Tuesday, March 07, 2006

The real issues behind MS Office and OpenOffice

Microsoft's Alan Yates would like you to believe that you need the latest MS Office because OpenOffice is (to paraphrase) "where MS Office was 10 years ago". Read his comments here for the full story from IT Wire.
A rebuttal article from OpenOffice user Steven J. Vaughan-Nichols, has a headline that says "OpenOffice is ten years behind MS Office? That's just fine!" So is it?

After reading both articles, I really have to agree with Steven. There is nothing new in MS Office that hasn't already been done by any of the competitors, including OpenOffice. Nothing new has been added to the basic word processor in 10 years for a simple reason, there was nothing to add. MS would have you believe that a "new and improved" user interface (UI) is worth spending a few hundred bucks for. My quick looks at the new UI in MS Office 12 (or whatever they want to call it) is nothing more than eye candy that gets in the way of doing what you open Word for in the first place, to write! Imagine that, being able to get to the functions and tools that you need to write whatever document it is you need to write. OpenOffice has that functionality. It is simple and just plain works. MS Office 12 might have that functionality, but why should I spend any extra time to learn a new UI just to do what I could already do in previous versions of MS Office? 'Cause I can look cool doing it? I don't think so.

Are there any compelling reasons for me to pay to upgrade my MS Office XP/2003 installations? So far, the answer is no. I can make Portable Document Format (PDF) files with Acrobat or OpenOffice, or any number of other tools designed to do just that. I can do mail merge, labels, charts, graphs, drawings, newsletters, technical reports, research papers, letters, notes, etc., with OpenOffice and not have to worry about being able to open them again 10 years from now or have my intellectual property (things I have created) come into doubt because of using a proprietary file format. I can even convert my old MS Office files into Open Document Format (ODF) files, although imperfectly at times, shedding another layer of MS dependency and making those same files more accessible in the process. But with OpenOffice, not anything new from MS Office. Hmm...I didn't have to pay anything extra for this either...

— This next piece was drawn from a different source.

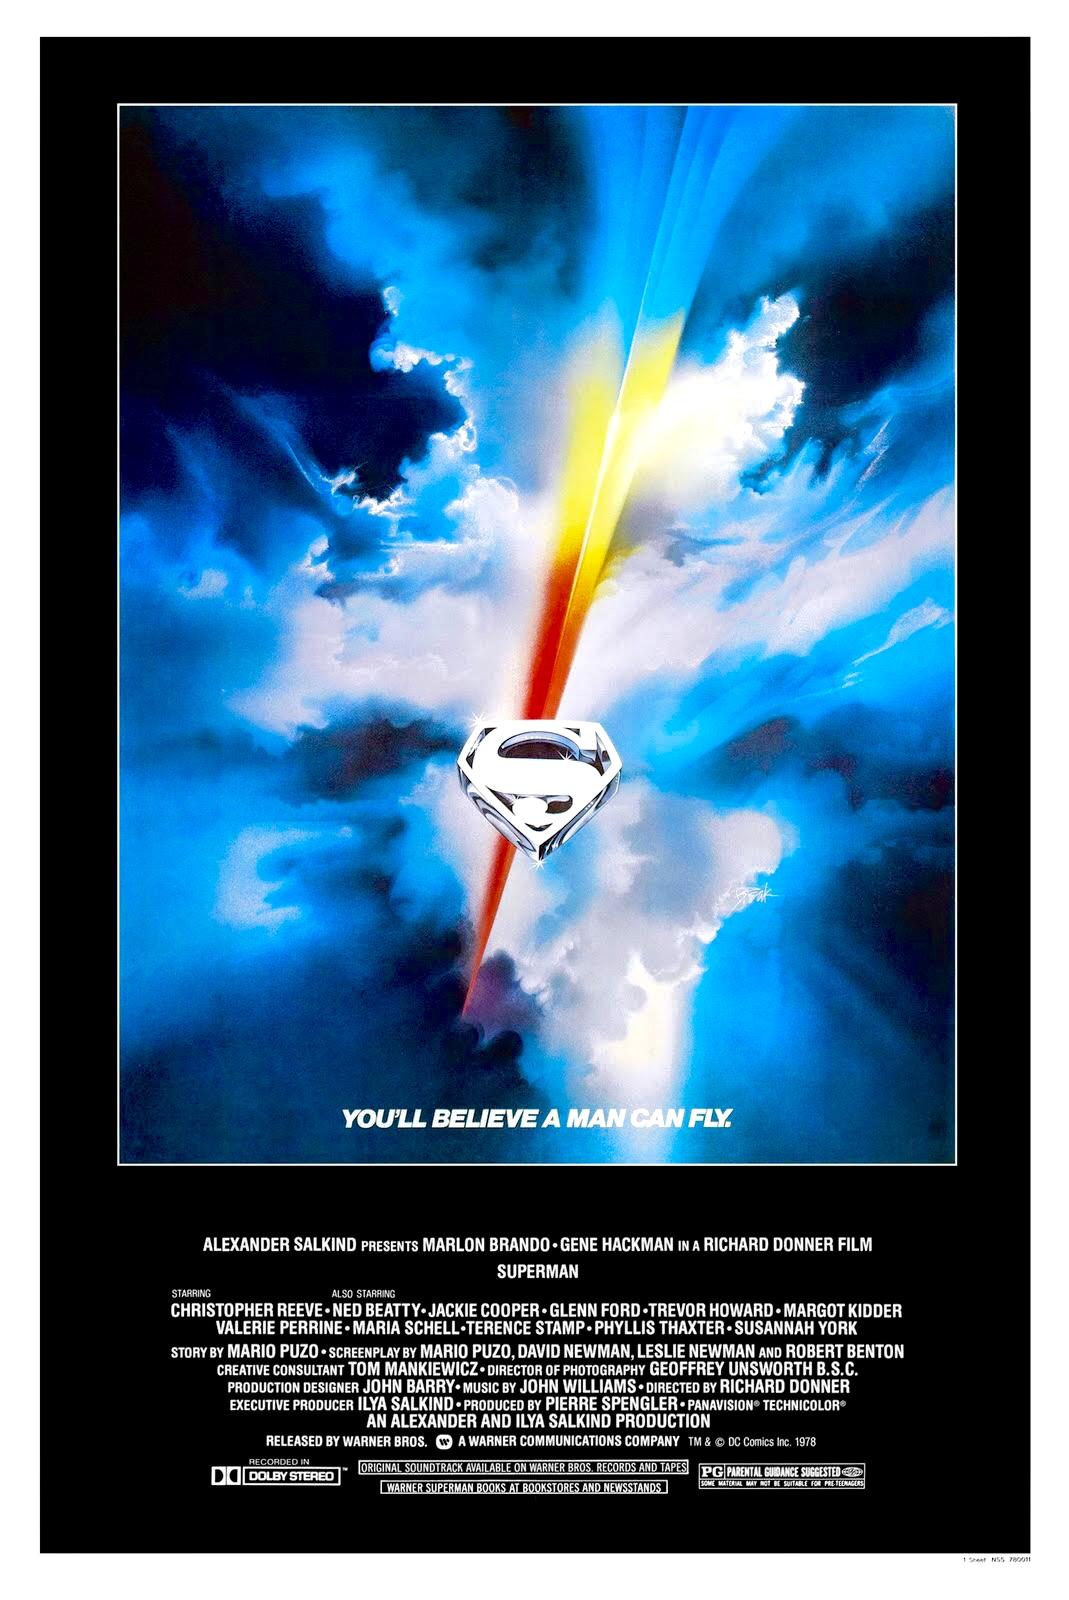 ดูหนัง Superman The Movie (1978) ซูเปอร์แมน ภาค 1

Mr. Yates would have you believe that the integration of MS Office with Outlook, Internet Explorer, Exchange, and Windows server is a good thing as well. Why hell, I have OpenOffice, Pegasus (or Thunderbird), Firefox (or Opera), and at least one FreeBSD server somewhere where I can host and exchange my OpenOffice files with my writing/business partners and not have to worry about some new worm or macro virus trashing it all up. Oh yeah, and it doesn't cost me anything for all of that software.

Of course the choice is your's, but it seems pretty clear to me - pay now and pay more later via MS Office upgrade lock hell, or don't pay now and still not be paying later for OpenOffice and other FOSS. My wallet thanks me.